Hand drauf! (Applaus) …
Autor:
Die Veranstaltung geht unentschieden aus. Keiner geht mit dem Gefühl, Recht
gehabt zu haben. Weil Aslan da war. Aber irgendwie sind noch viele Sorgen da,
hängen stumm in der Luft. Liegen in den Blicken, im Gang über den Boulevard mit
dem vielen Leerstand.
In der Fußgängerzone schieben Flüchtlinge Partytische zusammen. Eine endlose
Tafel entsteht. Der Verein „Willkommen in Köthen“ bittet zu Tisch. Besorgte Bürger
beklagen, dass die Nebenstraßen blockiert werden. Am Abend wird Köthen an einem
120 Meter langen, weiß gedeckten Tisch sitzen und sich gegenseitig bewirten.

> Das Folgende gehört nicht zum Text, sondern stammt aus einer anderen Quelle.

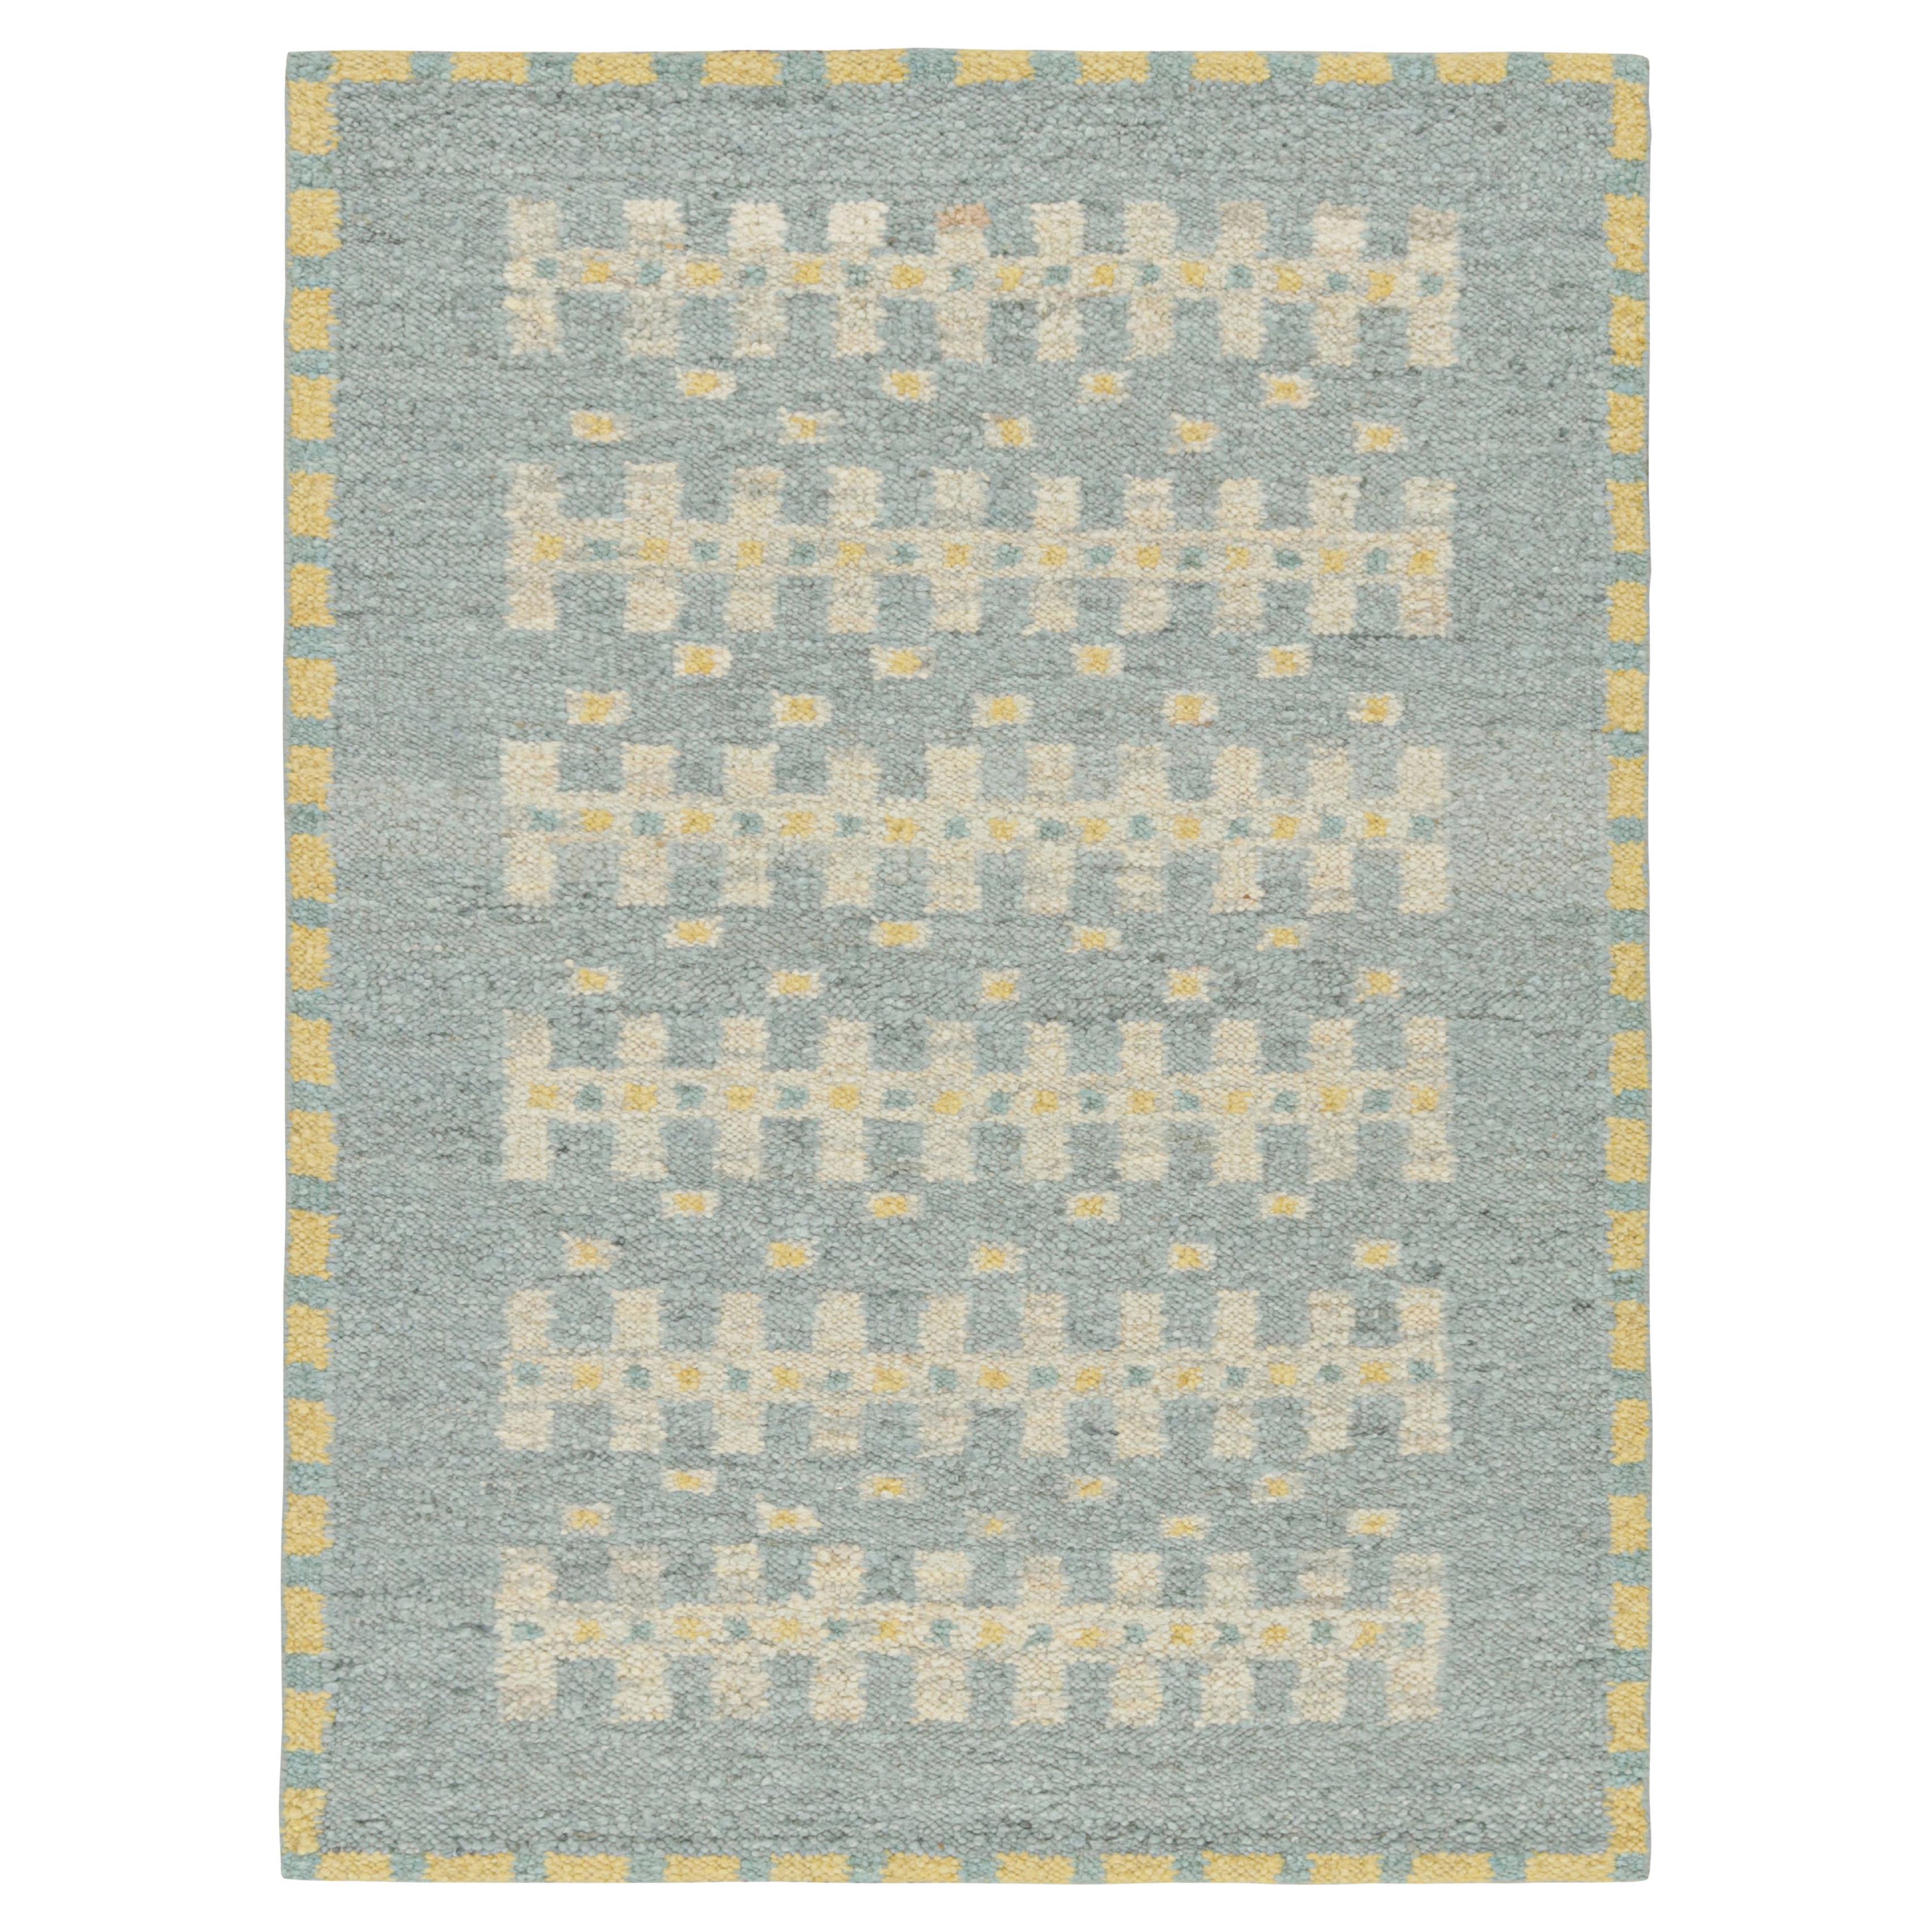 Rug & Kilim’s Scandinavian Style Rug in Blue with Cream Geometric Patterns

Bürger, Flüchtlinge, Touristen, Politiker. Jeder tischt auf, was Kulturkreis und Küche
hergeben. Ein Bild von fast biblischer Schönheit. Abendmahl. Auf und ab, immer und
überall, in rasender Ruhe, Tom Aslan. Wenn Du mehr hast, als du brauchst, dann
bau längere Tische, nicht höhere Zäune. Das Motto des Abends kursiert seit einiger
Zeit im Netz. Manche hängen es sich an den Kühlschrank. Tom Aslan und der
Willkommensverein machen eine Performance daraus. Auch wenn am Ende ein
Gewitter reinplatzt. Ein starkes Fest. Gegen Wohlstandsverwahrlosung.